Work request: Return all of the data that follows precisely, leaving every image out.

Provided material:

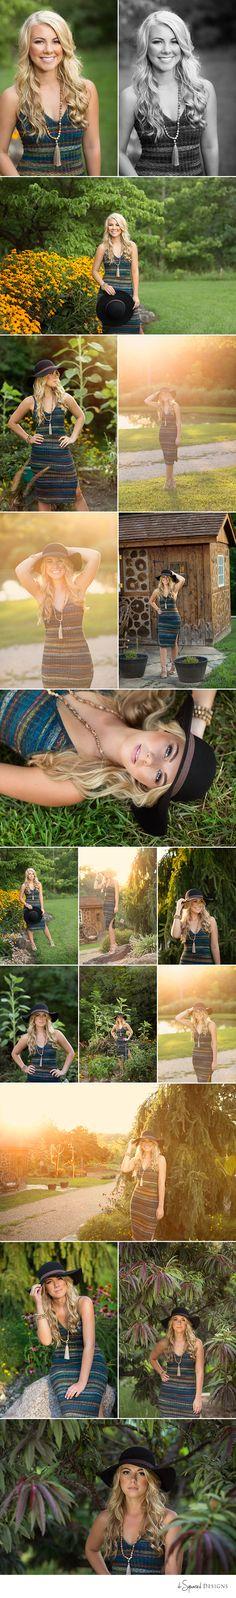 d-Squared Designs St. Louis, MO Senior Photography. Senior girl summer session…
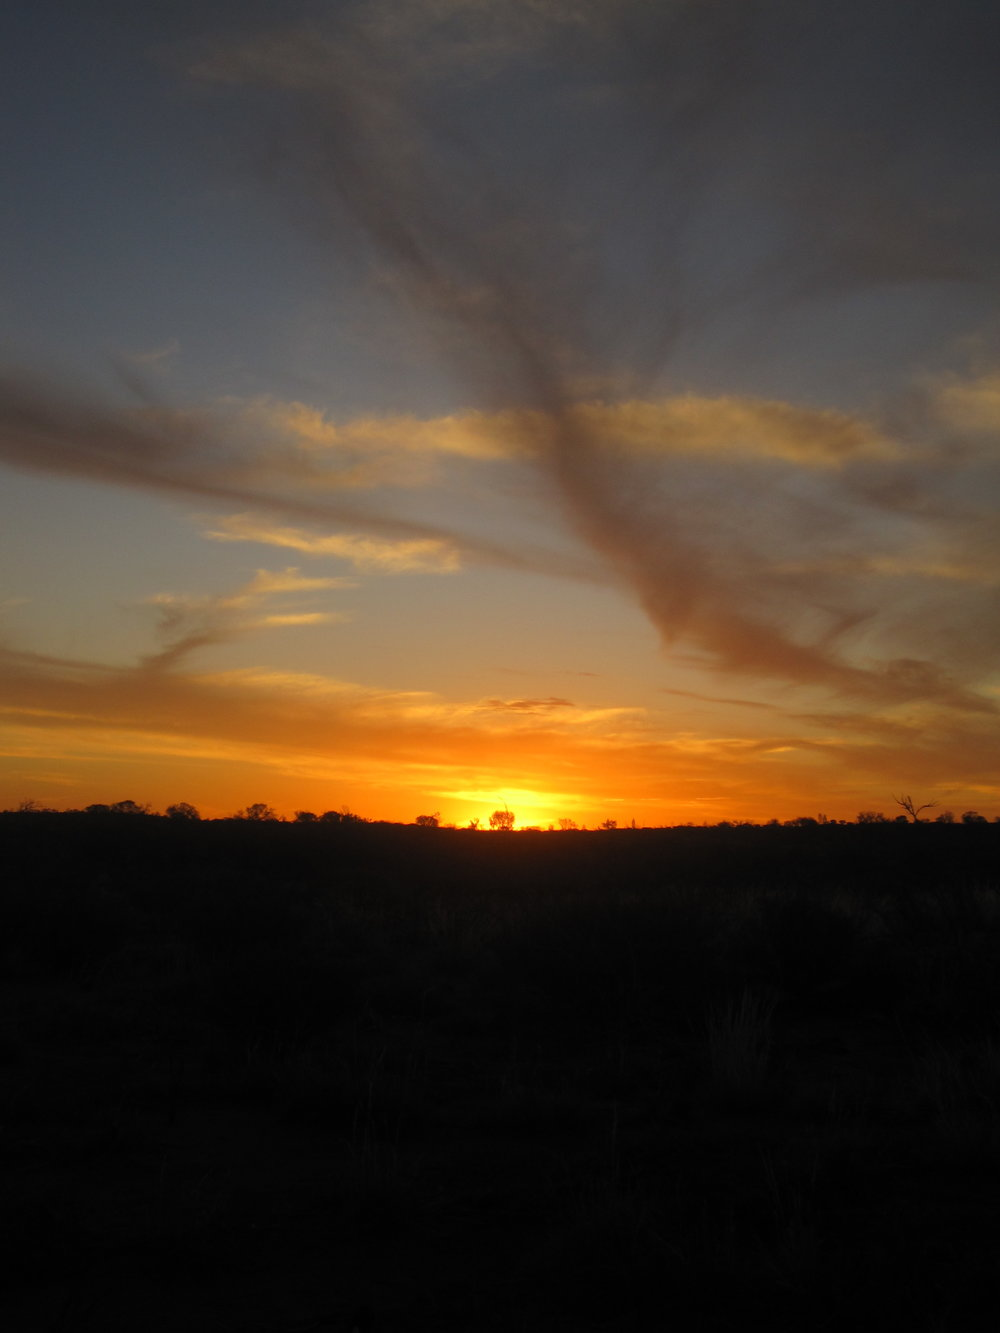 sunset-wisp.jpg
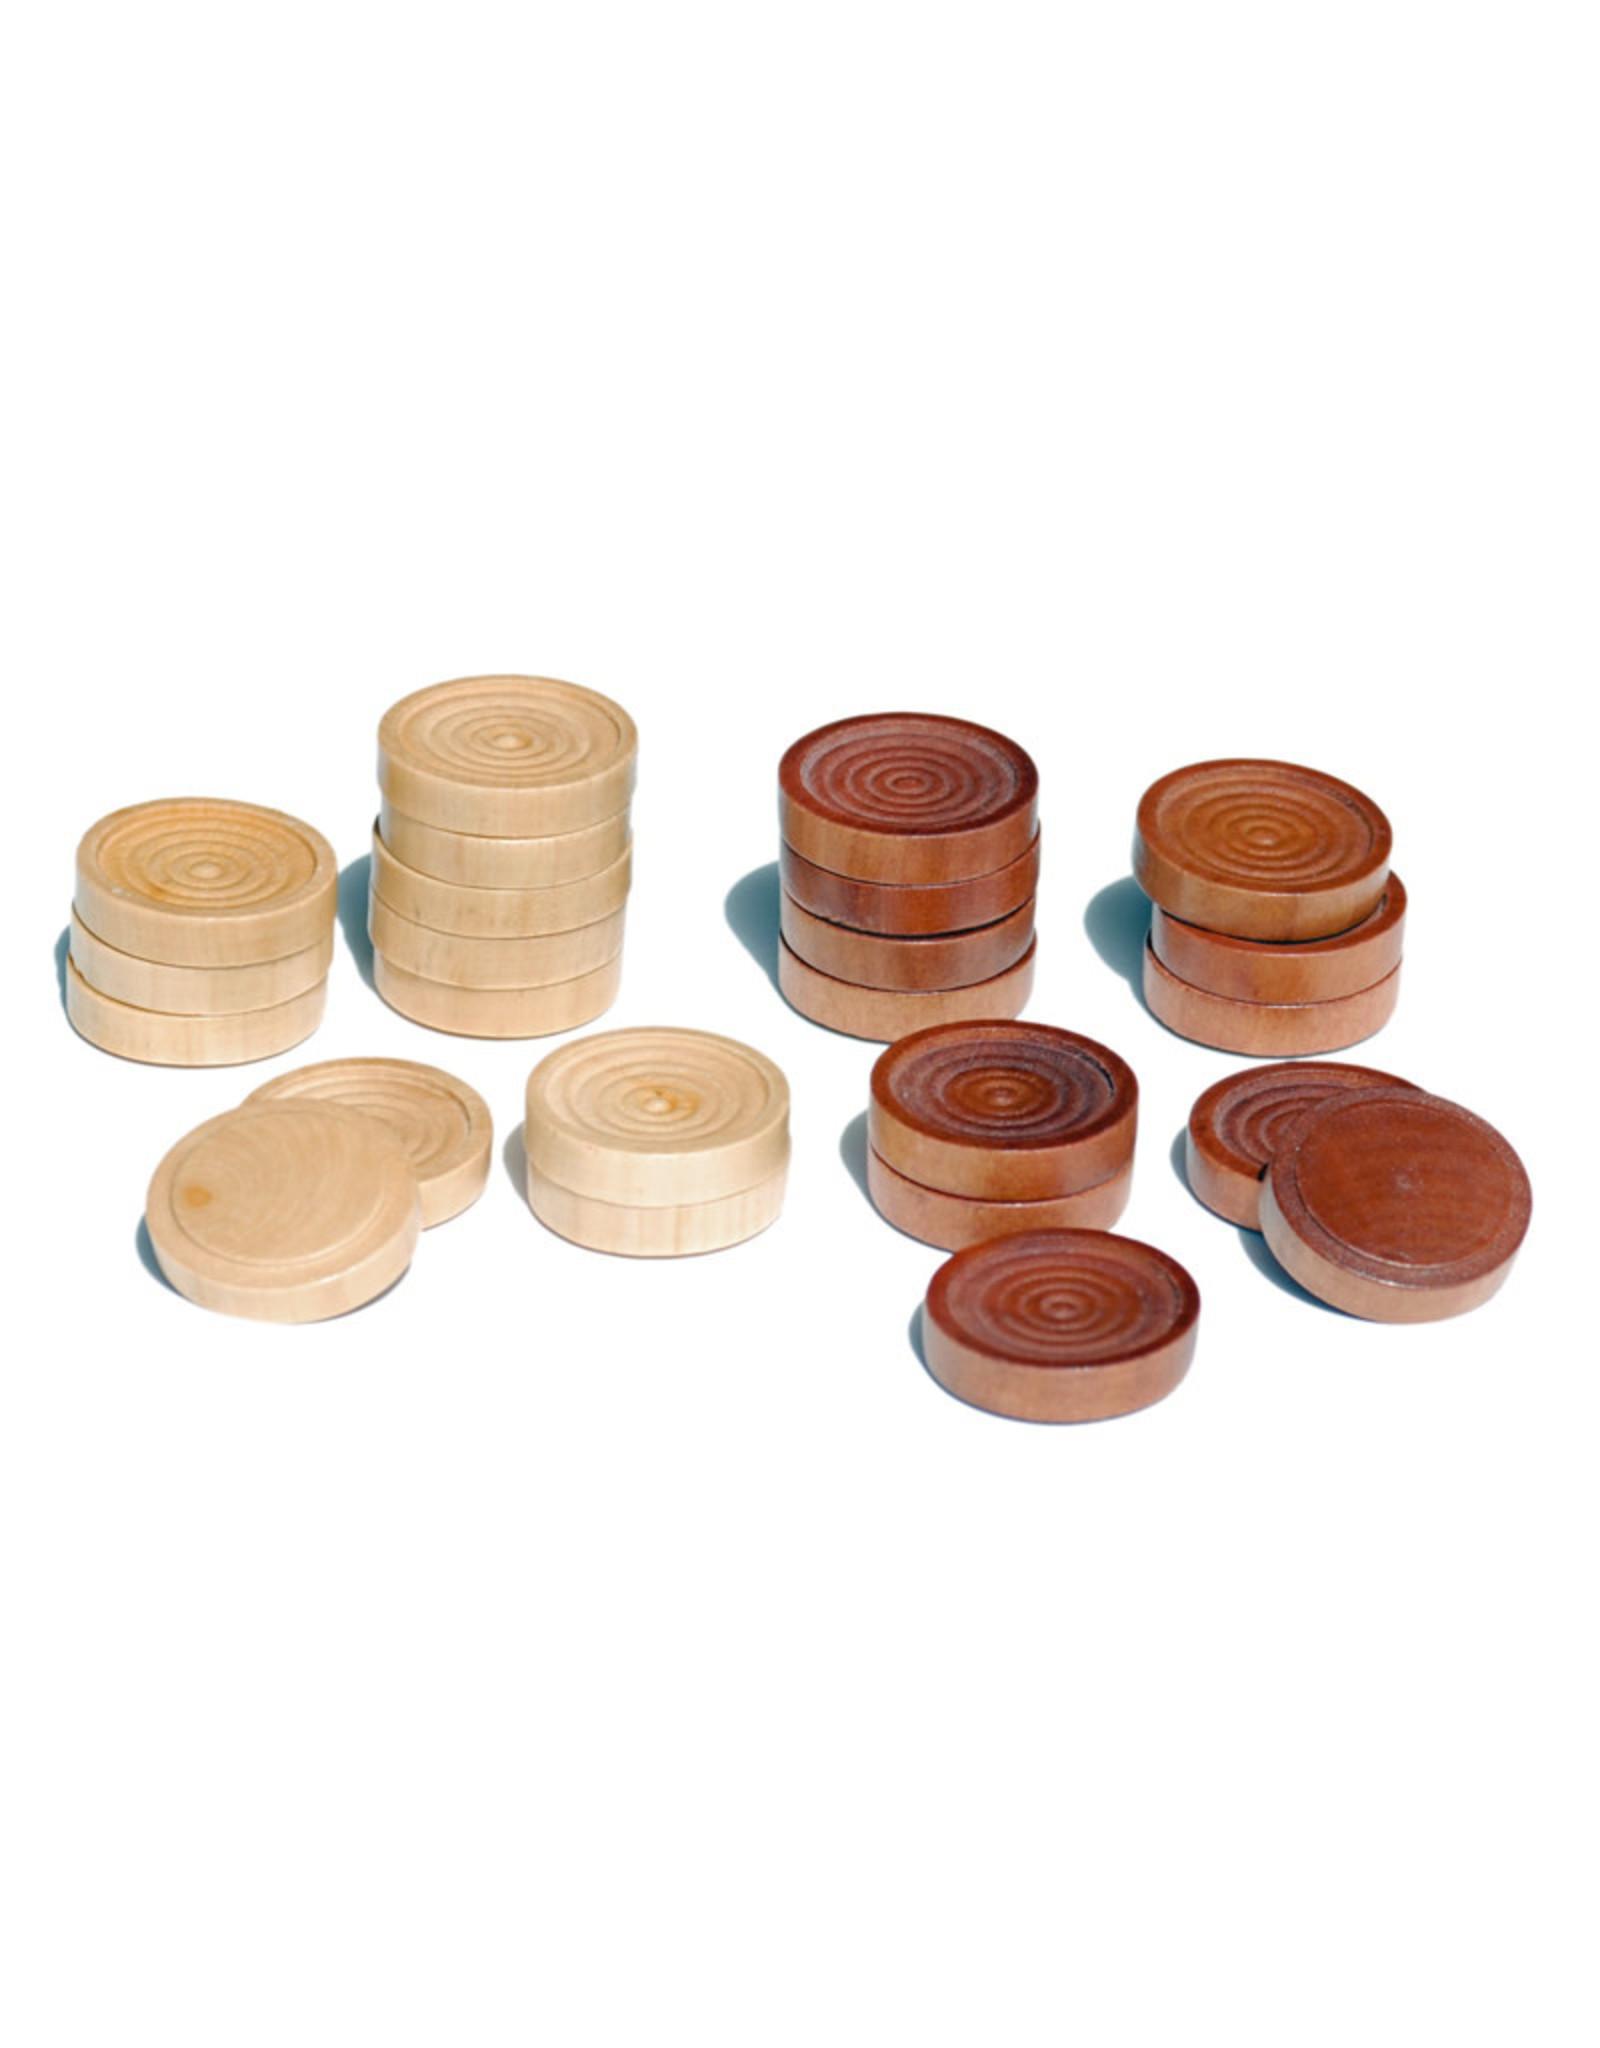 Checkers Set 12 Inch Walnut Natural Wood

Response to the task:
 d-Squared Designs St. Louis, MO Senior Photography. Senior girl summer session…
 sunset-wisp.jpg
 Checkers Set 12 Inch Walnut Natural Wood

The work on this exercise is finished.